Allopatry results in speciation because the lack of gene flow allows populations to evolve differences that cause incompatibilities if/when the populations come back into contact.  Even relatively small amounts of genes flow are effective in homogenizing populations - this is why most speciation will require allopatry.

Reproductive isolation should be thought of as an incidental effect of evolution.  In principle, evolutionary changes caused by genetic drift or by natural selection could contribute to reproductive isolation.  It seems more likely, however, that isolation is an incidental effect of adaptive evolution.

Reinforcement
An interesting idea put forward by Dobzhansky is that speciation is not usually completed in allopatry, but rather is completed when two previously allopatric populations that are partially isolated come back into contact.   It seems unlikely this is how most speciation events are completed, but it may still occur in nature.  The idea is that when two partially reproductively isolated populations come into contact, there is some hybridization that occurs at the contact zone.  Hybrids have reduced fitness.  Therefore, individuals that produce hybrids, that is, individuals that mate with members of the other species, have reduced fitness.  If there is variation in traits that affect mate choice, then individuals that show stronger pre-mating discrimination against members of the other species are favored by natural selection.  Thus, there should be an increase in the degree of pre-mating isolation in the area where two species meet.  In principle, this could lead to the "completion" of the speciation event in the sense that complete behavioral  isolation results from reinforcement.  There are some problems with the idea.  Perhaps one of the biggest problems is that in the model, there is gene flow occurring between species, yet divergence still continues.  This is similar to the problem of sympatric speciation.

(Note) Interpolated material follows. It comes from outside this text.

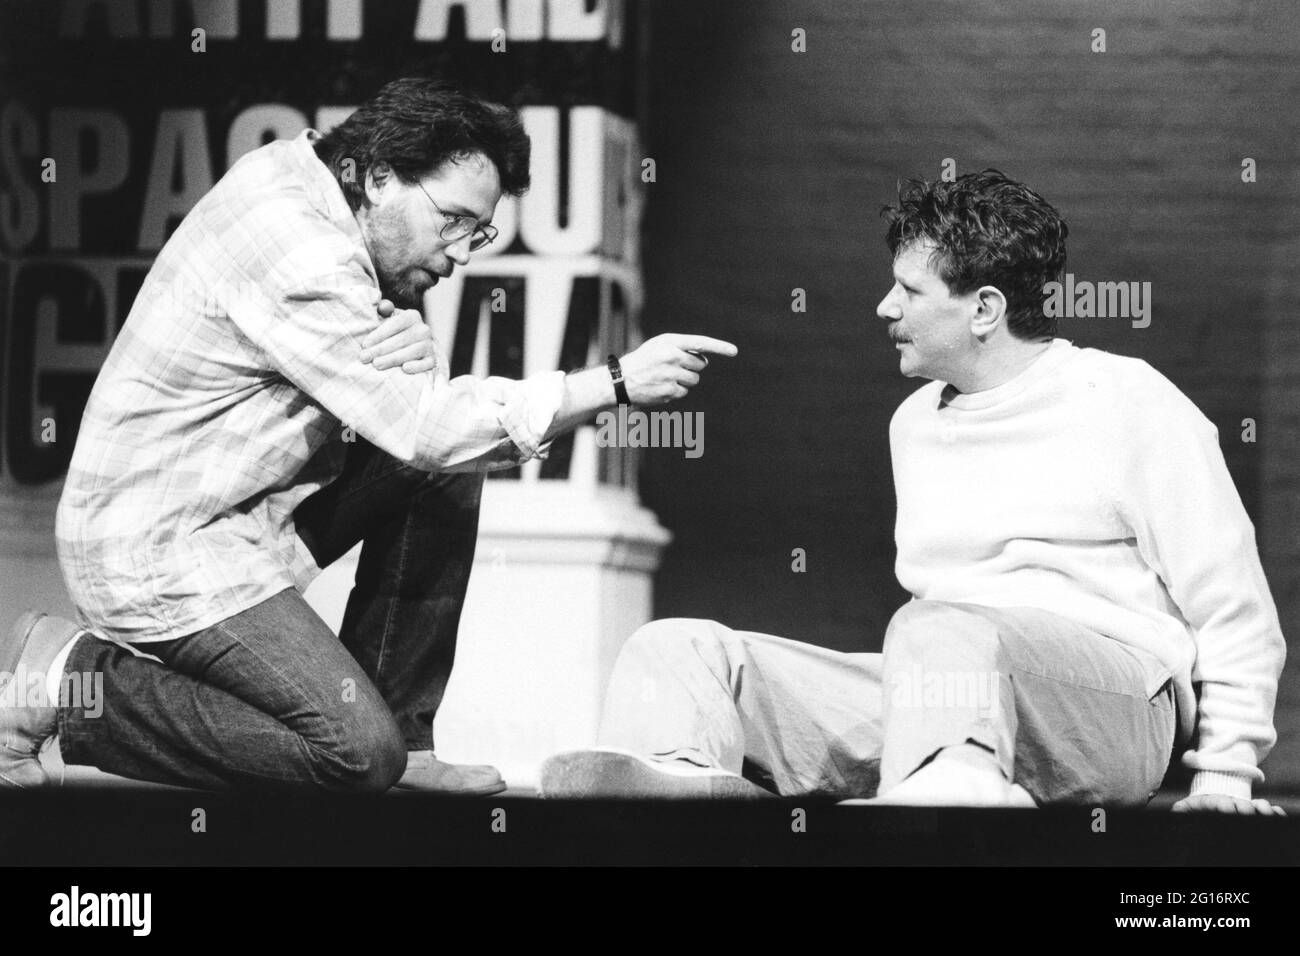 l-r: Tom Hulce (Ned Weeks), Paul Jesson (Felix Turner) in THE NORMAL HEART by Larry Kramer at the Albery Theatre, London WC2  20/05/1986  a Royal Court Theatre production  design: Geoff Rose  lighting: Gerry Jenkinson  director: David Hayman Stock Photo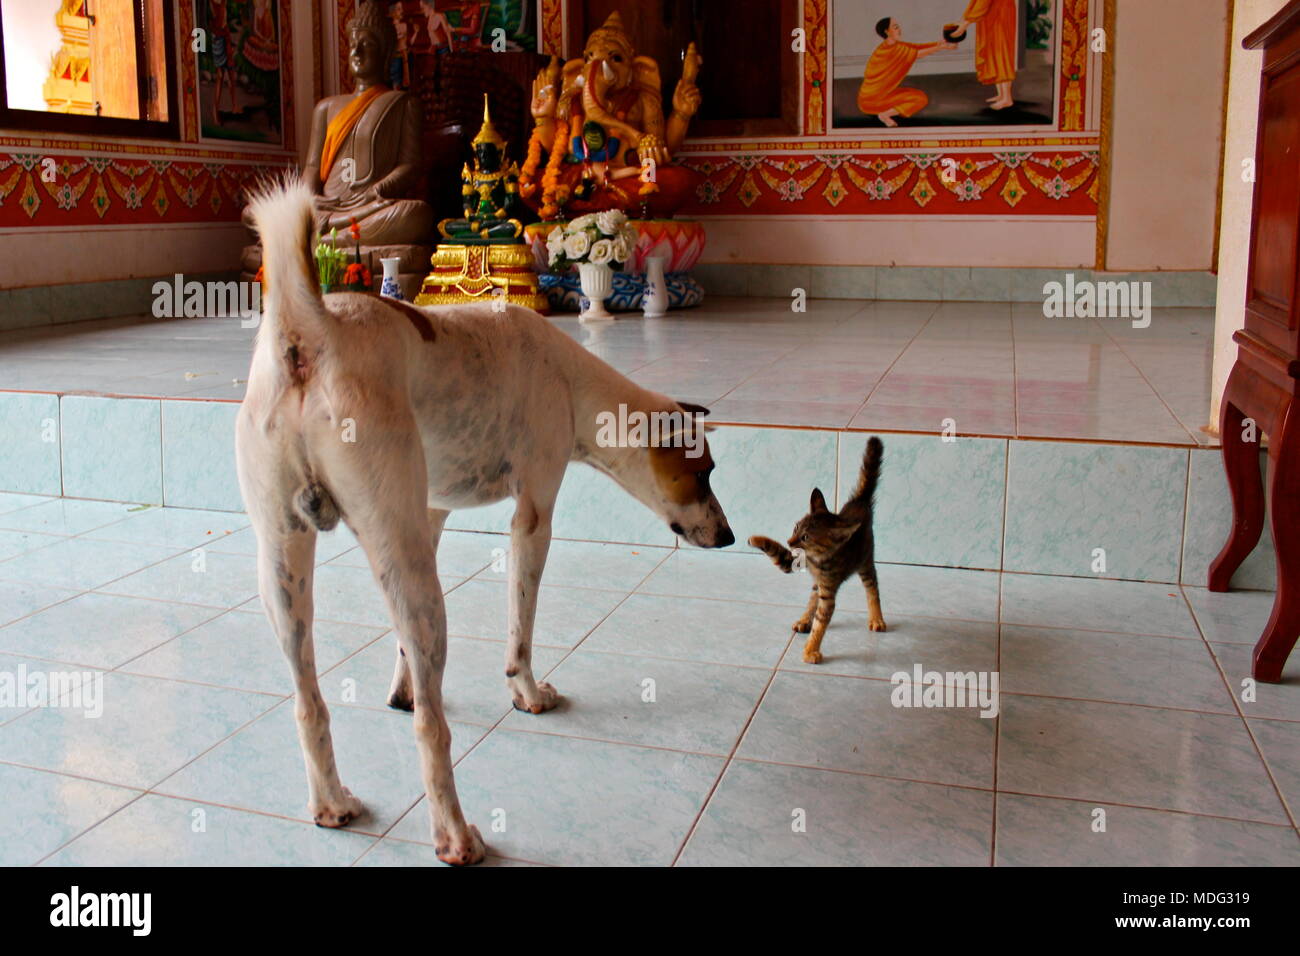 Temple dog and cat get into a spat on the grounds of Pha That Luang. Vientiane, Laos, 2015. Stock Photo

In order to demonstrate that reinforcement is occurring one must show that there is gene flow between two species, that hybrids have reduced fitness, and that pre-mating isolation is stronger in areas of sympatry than in areas of allopatry.


Fig 14.10 from Ridley
 

The distinction between reinforcement, and simple character displacement is important.  If two species hybridize yet produce completely sterile or inviable progeny, we still expect selection to favor the evolution of greater pre-mating isolation in sympatric regions because individuals that make a bad choice in mate selection (i.e., pick a mate from the wrong species) have zero fitness.  However, because there is no gene flow, speciation has already occurred without reinforcement.  Reinforcement refers specifically to the case in which selection drives the evolution of stronger pre-mating isolation in the face of ongoing gene flow between populations.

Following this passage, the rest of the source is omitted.